SANSA: Unleashing the Hidden Semantics in SAM2 for Few-Shot Segmentation

Claudia Cuttano* · Gabriele Trivigno* · Giuseppe Averta · Carlo Masone

✨ NeurIPS 2025 Spotlight ✨

SANSA unlocks the hidden semantics of Segment Anything 2, turning it into a powerful few-shot segmenter for both objects and parts.
🚀 No fine-tuning of SAM2 weights.
🧠️ Fully promptable: points · boxes · scribbles · masks, making it ideal for real-world labeling.
📈 State-of-the-art on few-shot object & part segmentation benchmarks.
⚡ Lightweight: 3–5× faster, 4–5× smaller!

SANSA_demo.mp4

⚙️ Environment Setup

To get started, create a Conda environment and install the required dependencies. SANSA is compatible with any PyTorch ≥ 2.0. The experiments in the paper were run with PyTorch 2.7.1 (with CUDA 12.6), which we provide as a reference configuration. To set up the environment using Conda, run:

conda create --name sansa python=3.10 -y
conda activate sansa
pip install -r requirements.txt

💡 Getting Started

In this repository, you will find:

1. SANSA Universal Model: a single model, fully promptable (points · boxes · scribbles · masks), for both objects & parts.
· We release this model on TorchHub, and include an interactive demo to try it on your own data.
· Note: this is not the model used for the paper benchmarks.
2. Paper Results & Training: strict few-shot and in-context benchmarks, with results and training scripts for reproducibility.
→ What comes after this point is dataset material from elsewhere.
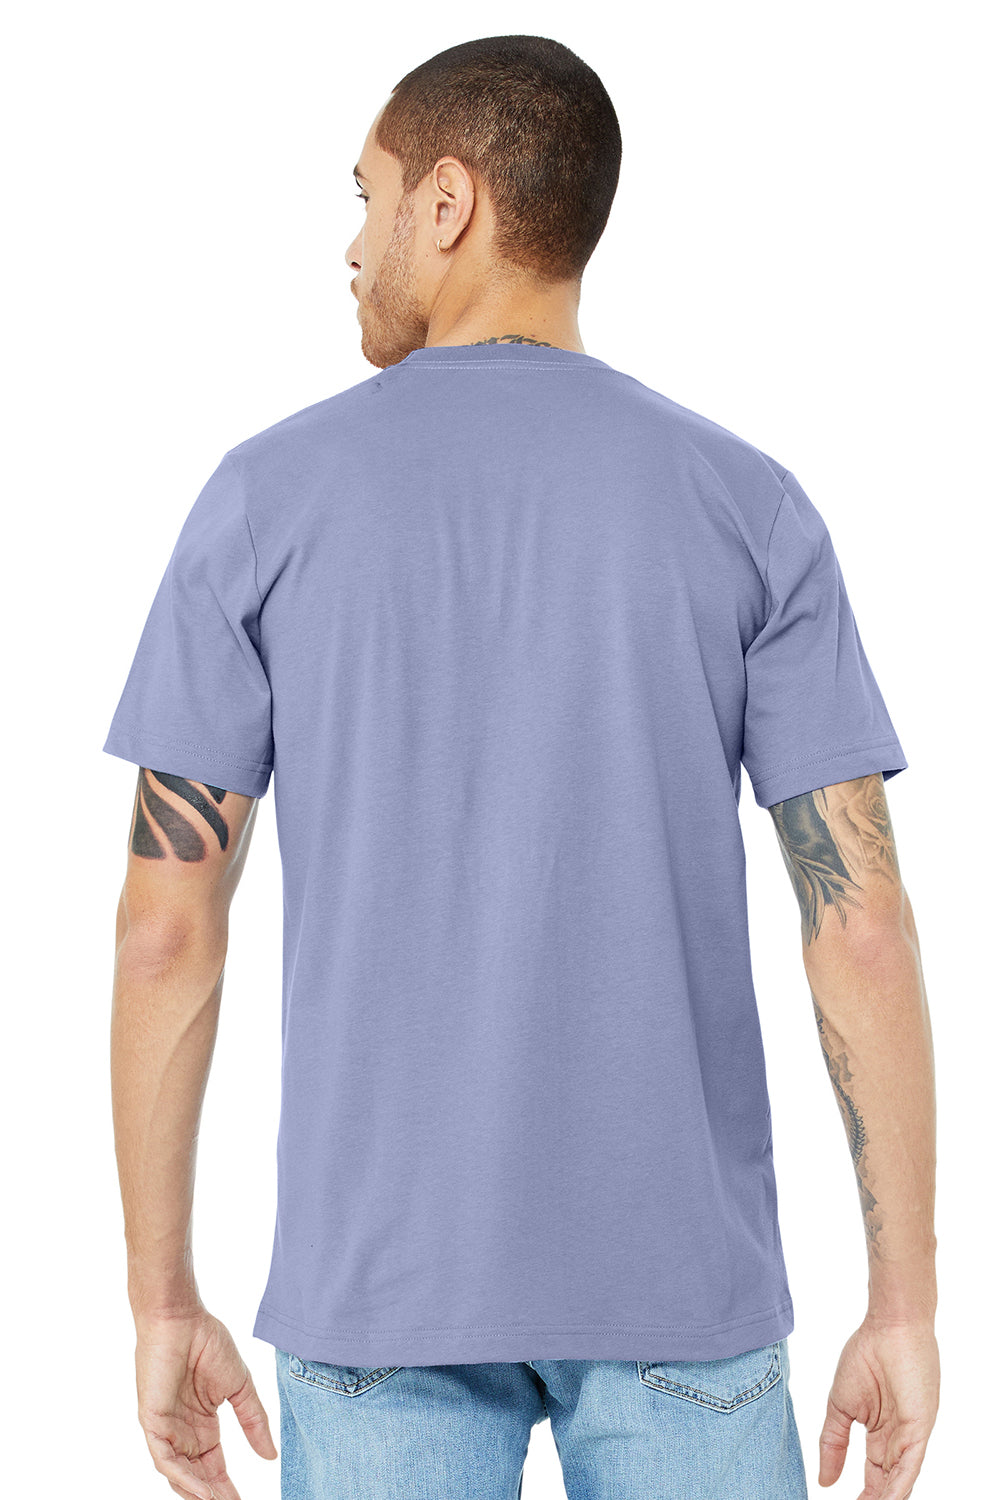 Bella + Canvas BC3001/3001C Mens Jersey Short Sleeve Crewneck T-Shirt Lavender Blue Model Back

1. SANSA Universal Model 🌐

Run on your own data (objects & parts, promptable with points · boxes · scribbles · masks).

Quick Links: 📥 Download Weights · 🧑‍💻 Interactive Notebook · 📦 TorchHub

🧑‍💻 Interactive Demo (Colab)

Curious about SANSA? The Notebook lets you try it out. Mark an object or part in one image (point, box, scribble, or mask), and SANSA will segment the same class in the following images.
💡 Example: draw a quick box around a person, and SANSA finds all the people in the next images.

📦 TorcHub

Below is a minimal example showing how to load SANSA from TorchHub and run inference. Use point, box, or mask prompts depending on your application.
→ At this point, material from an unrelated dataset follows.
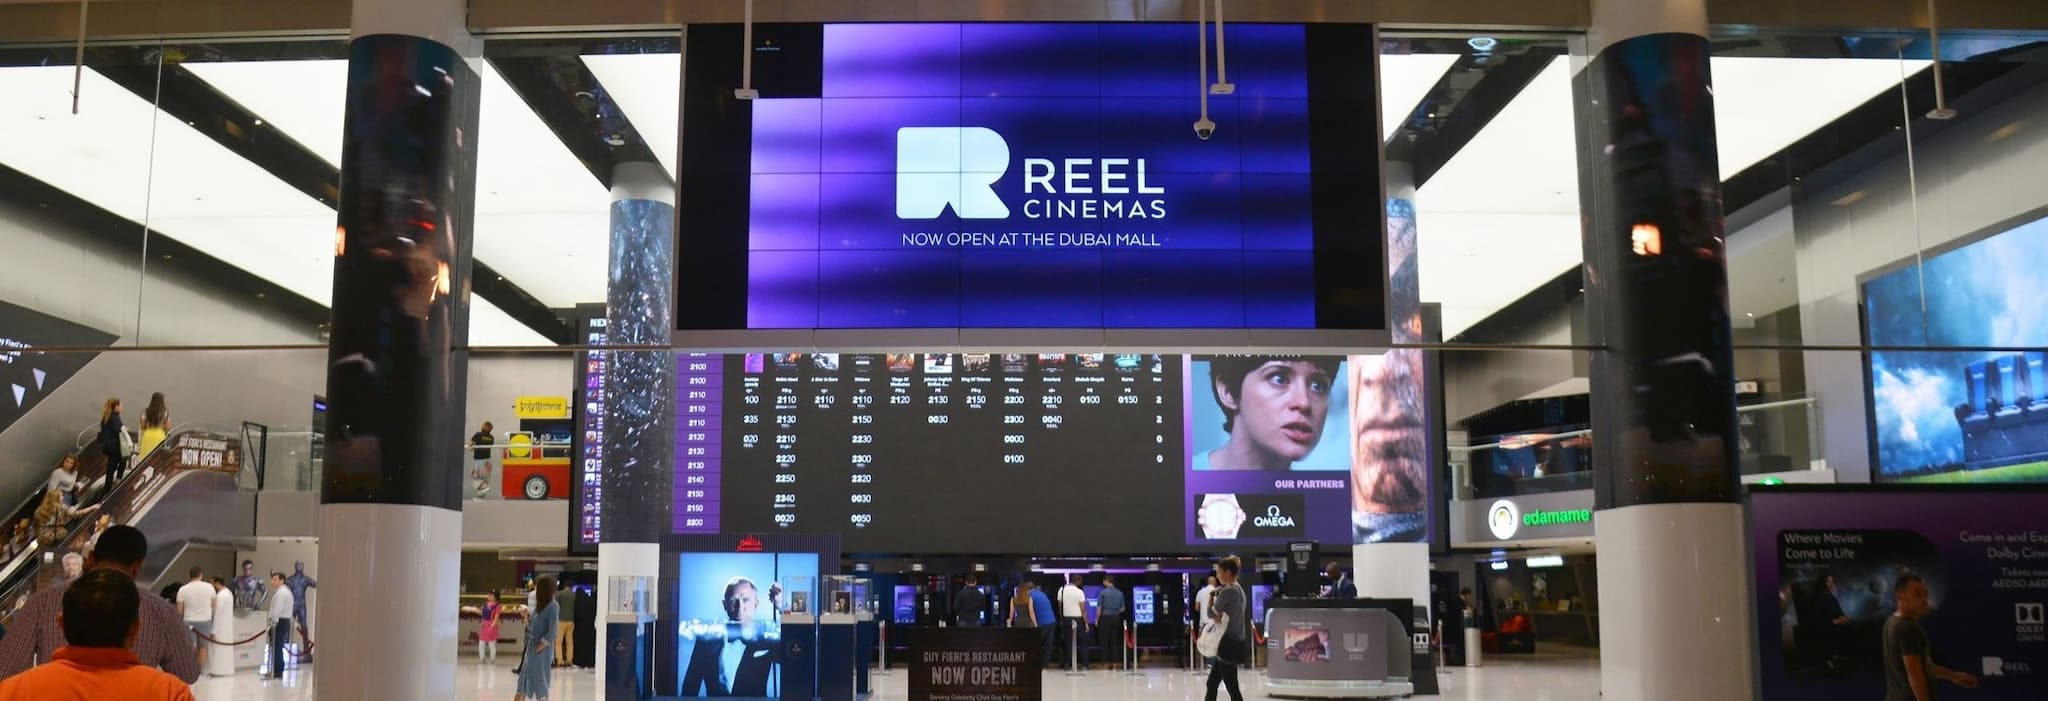 The Reel Cinemas of Dubai Mall

Expand for 'def format_prompt' function

def format_prompt(n_shots: int, prompt_input, prompt_type: str, device: torch.device = torch.device('cuda')):
    """
    Format prompt to be fed to the SANSA model. Alternatively, import as 'from util.demo_sansa import format_prompt'
    """
    assert prompt_type in ['mask', 'point', 'box']
    prompt_dict = {0: {}, 'shots': n_shots}
    prompt_d = prompt_input
    if prompt_type in ['point']:
        pts = torch.as_tensor(prompt_input, dtype=torch.float32, device=device).view(-1, 2)
        prompt_d = {'point_coords': pts.view(1, -1, 2),
                    'point_labels': torch.ones(1, pts.shape[0], dtype=torch.int32, device=device)}
    elif prompt_type == 'box':
        b = torch.as_tensor(prompt_input, dtype=torch.float32, device=device).view(-1, 4)
        x0y0 = torch.minimum(b[:, :2], b[:, 2:])
        x1y1 = torch.maximum(b[:, :2], b[:, 2:])
        point_coords = torch.stack([x0y0, x1y1], dim=1).view(1, -1, 2)
        n = point_coords.shape[1] // 2
        point_labels = torch.tensor([2, 3], dtype=torch.int32, device=device).repeat(1, n)
        prompt_d = {'point_coords': point_coords, 'point_labels': point_labels}
    prompt_dict[0][0] = {'prompt_type': prompt_type, 'prompt': prompt_d}
    return prompt_dict

import torch
from torchvision import transforms 
import torchvision.transforms.functional as TF
from PIL import Image
import numpy as np

sup_img_path='assets/demo/images_demo/image011.jpg'
q_img_path='assets/demo/images_demo/image005.jpg'
sup_mask_path = 'assets/demo/masks_demo/image011_dog.png'

device = torch.device('cuda')
_transform = transforms.Compose([transforms.Resize(size=(640, 640)),
    transforms.ToTensor(),
    transforms.Normalize([0.485, 0.456, 0.406], [0.229, 0.224, 0.225])
])
sup_t, q_t = _transform(Image.open(sup_img_path)), _transform(Image.open(q_img_path))
video = torch.stack([sup_t, q_t], dim=0)[None].to(device)      # [1, 2, 3, H, W]

model = torch.hub.load('ClaudiaCuttano/SANSA', 'sansa', pretrained=True, trust_repo=True, device=device)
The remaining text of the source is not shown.